I wonder what made them change. From your diagram it looks closer to the Toyota system but still able to allow you to run directly off the engine. In other words, it leads itself to more combined power at the wheels than the Toyota system.

[Vman455]

Quote:

Originally Posted by raubvogel

211 + 167 - 68 = 310 which is greater than the 272PS mentioned in https://blog.lexus.co.uk/history-lexus-hybrid-drive/. Where are the 41 horses?

The gas engine and electric motors don't reach peak power at the same rotational speeds or road speed.

[Ecky]

Quote:

Originally Posted by raubvogel

I wonder what made them change. From your diagram it looks closer to the Toyota system but still able to allow you to run directly off the engine. In other words, it leads itself to more combined power at the wheels than the Toyota system.
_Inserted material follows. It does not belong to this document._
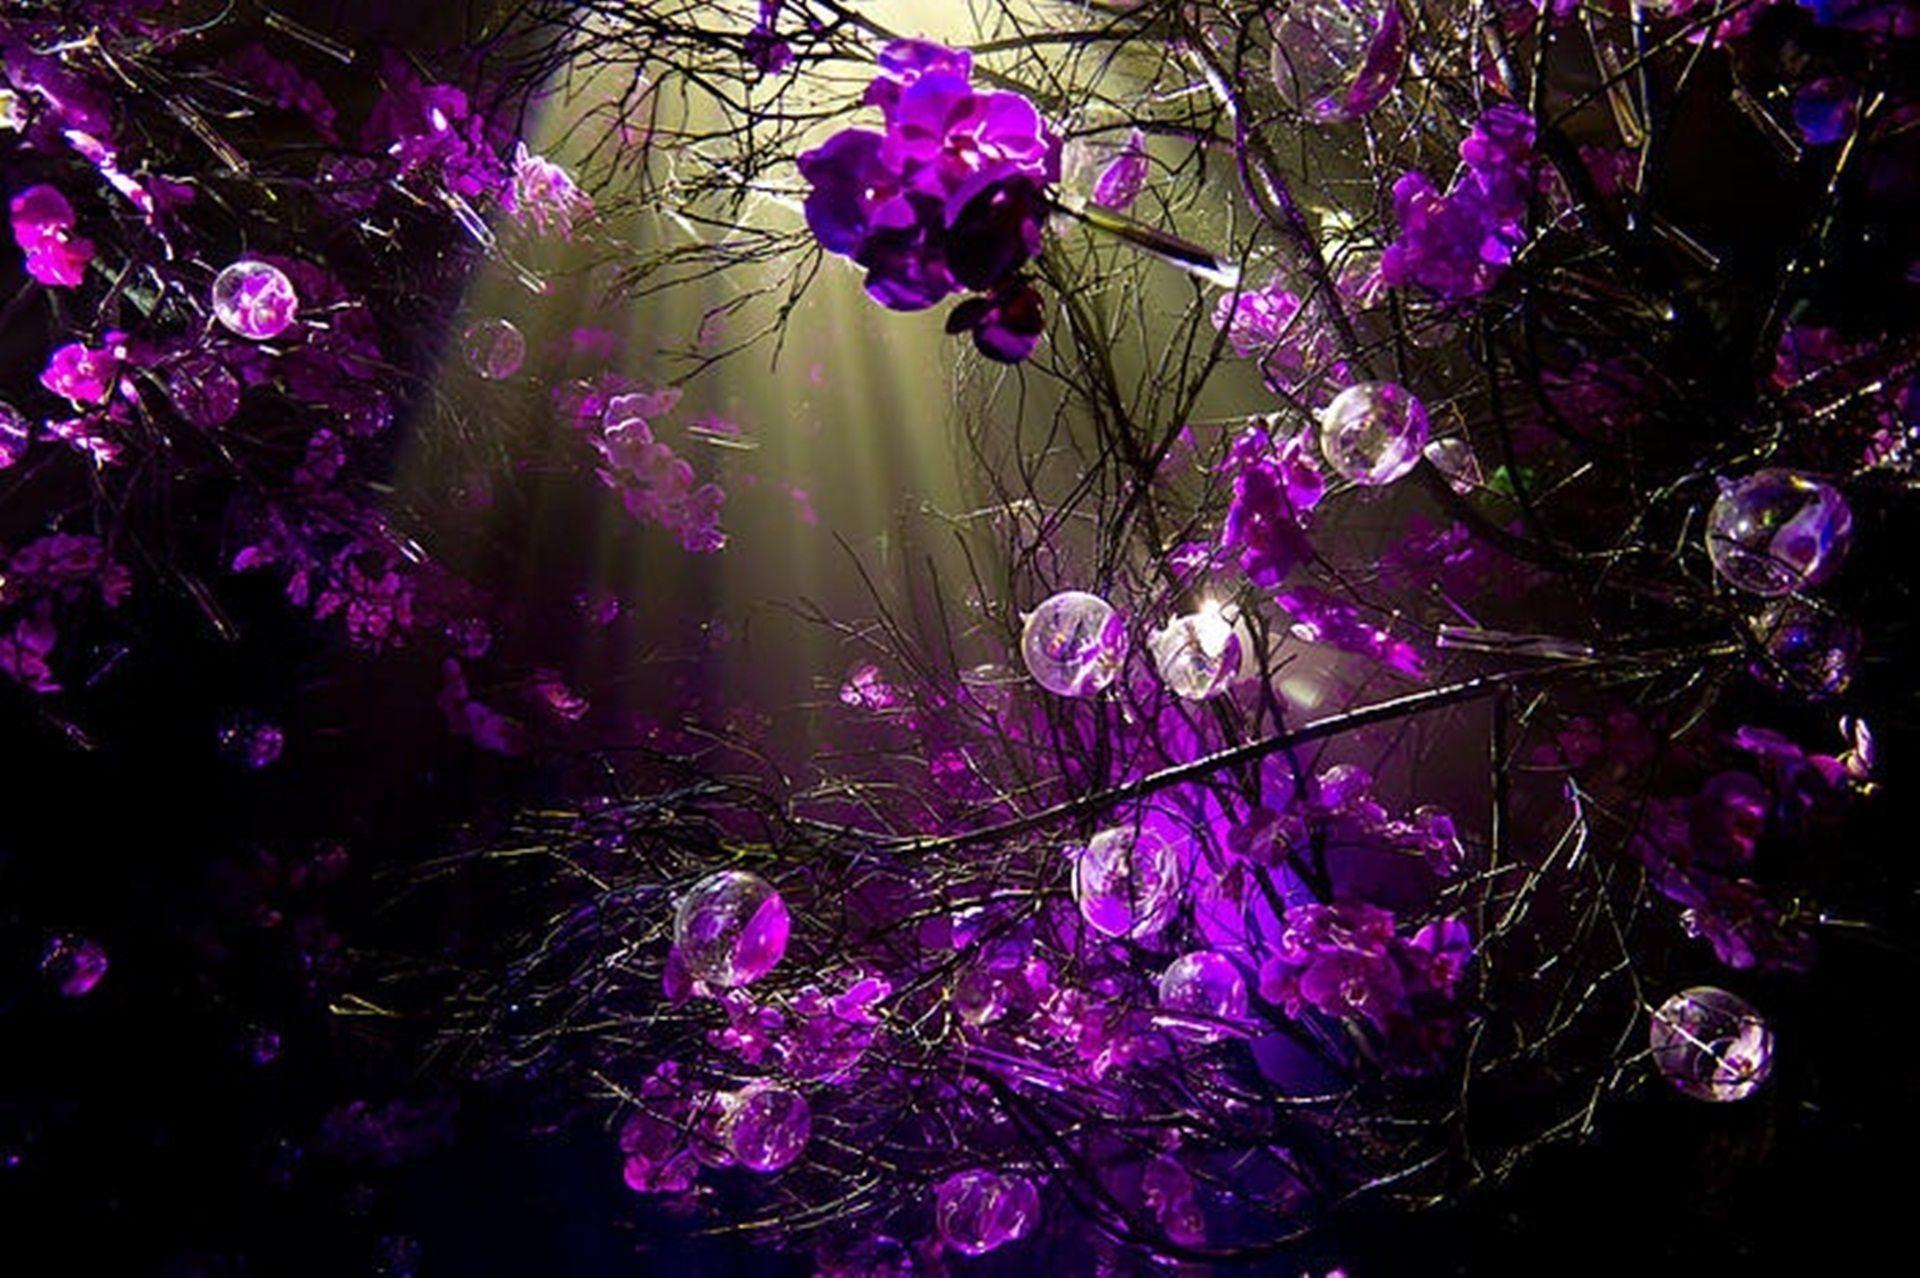 Purple wallpapers for desktop wallpaper cave for Purple kitchen wallpaper

My guess, the new system is far lighter and more simple than both their old system and Toyota's. Honda's new system allows the car to drive on electricity alone, and to toggle the gas engine on and off while keeping the car in motion. The old IMA system required the gasoline engine to always be spinning while the car was moving forward, which caused a need for Honda to build some complex valve and cylinder deactivation systems for the engines in their hybrids. And unlike Toyota's system, there is no large and heavy planetary gear system. It's just an electric motor directly driving the wheels, and a clutch that can connect the gas engine in parallel with a single speed reduction. Compared with a 6 speed manual, which has approximately 17 actual gears and pinions in it, this one has 2 (or possibly 4 if the electric motor has a reduction).

Toyota's planetary gears are a more flexible system that allows more combinations of output and input from engine and electric motors. The gearbox is not *that* large (it's still smaller and more simple than traditional transmissions), but it's relatively much larger and heavier than Honda's new one. It also requires the electric motors to be spinning and pulling power from the engine at certain road speeds and loads. Sometimes one motor needs to be pulling power from the engine to spin the other motor faster, to lower or raise engine RPM. Converting from mechanical to electrical to mechanical is an efficiency loss.
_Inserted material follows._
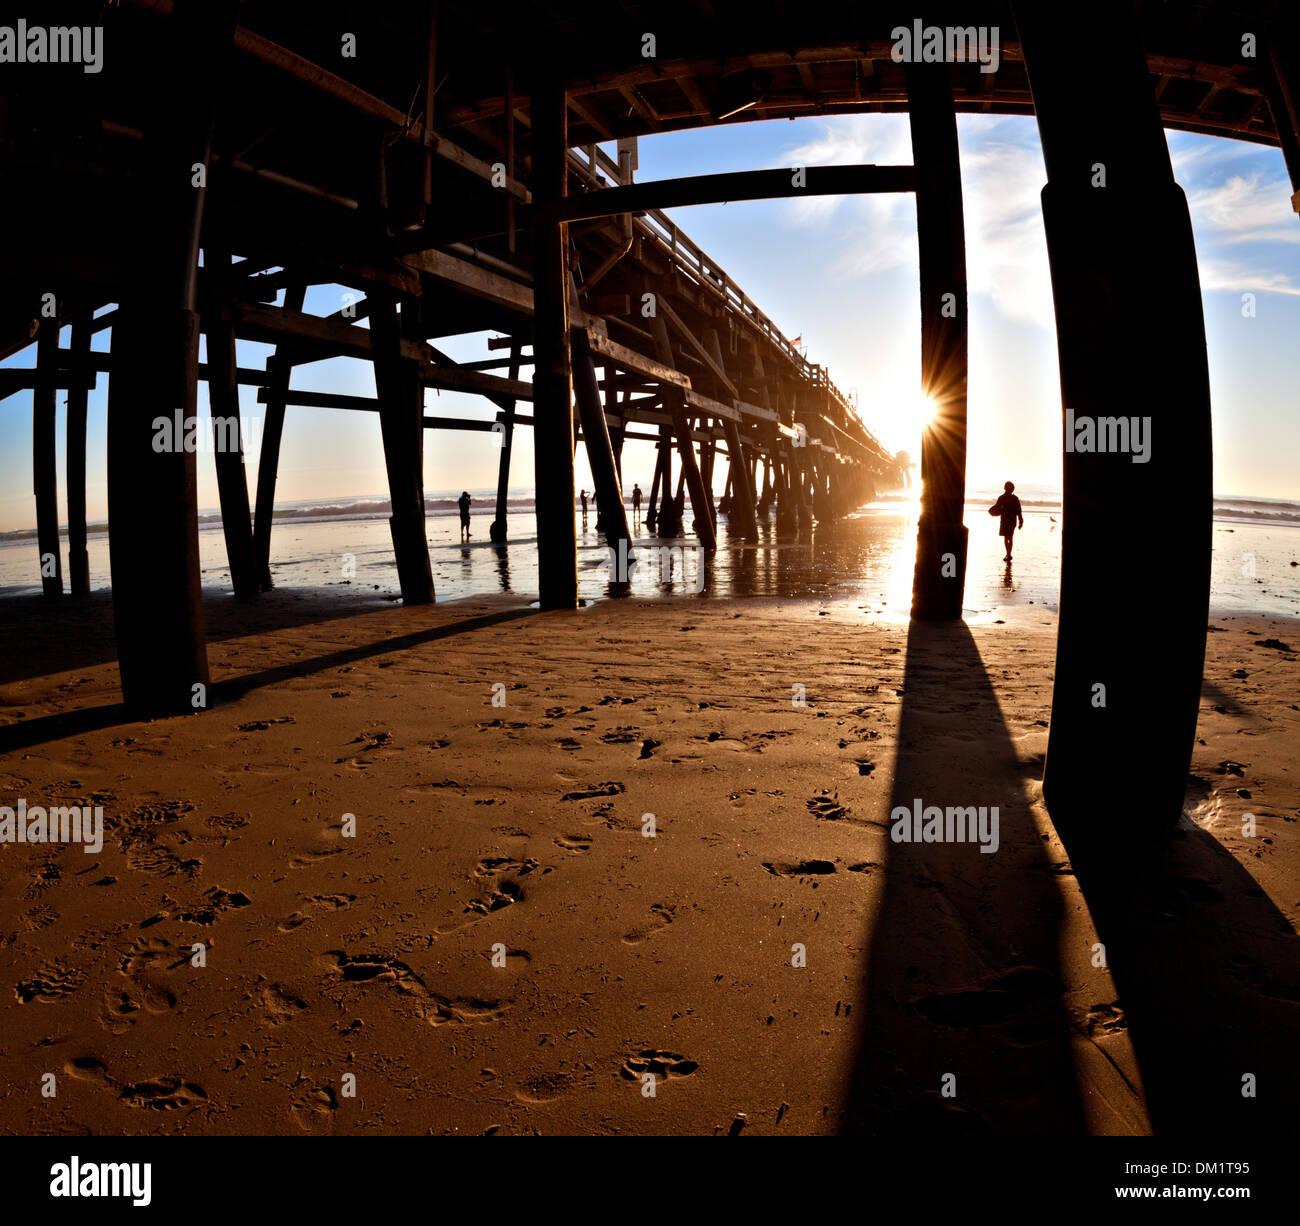 Surfer at sunset, San Clemente Pier, California. Stock Photo

Driving the wheels directly from the gasoline engine is more efficient, so long as you can keep load and RPM within its island of peak efficiency. That's how the original Insight was able to see 100mpg+ at certain highway speeds, but had such a huge gap between city and highway RPM. Toyota's system by contrast brings up the average system efficiency tremendously (city mpg sees a huge increase) at the expense of peak efficiency.

All 3 systems have pretty major compromises. GM and Ford have both used systems similar to Honda's original IMA, and Toyota's planetary gears. I *think* Honda's new system is still unique in a production car.

[cRiPpLe_rOoStEr]

Quote:

Originally Posted by Vman455

The gas engine and electric motors don't reach peak power at the same rotational speeds or road speed.

That's also a good point. IIRC the electric motors are optimized to improve the low-end performance in order to compensate for the lack of a more conventional transmission.

[raubvogel]

I have to say from your diagram and explanation the new Honda system is much better than the Toyota one, which seems to be more electric-centric. Is it derived from the NSX one?

[Ecky]

Quote:

Originally Posted by raubvogel

I have to say from your diagram and explanation the new Honda system is much better than the Toyota one, which seems to be more electric-centric. Is it derived from the NSX one?

I haven't actually looked too closely at the NSX system! It might be difficult to find info on it.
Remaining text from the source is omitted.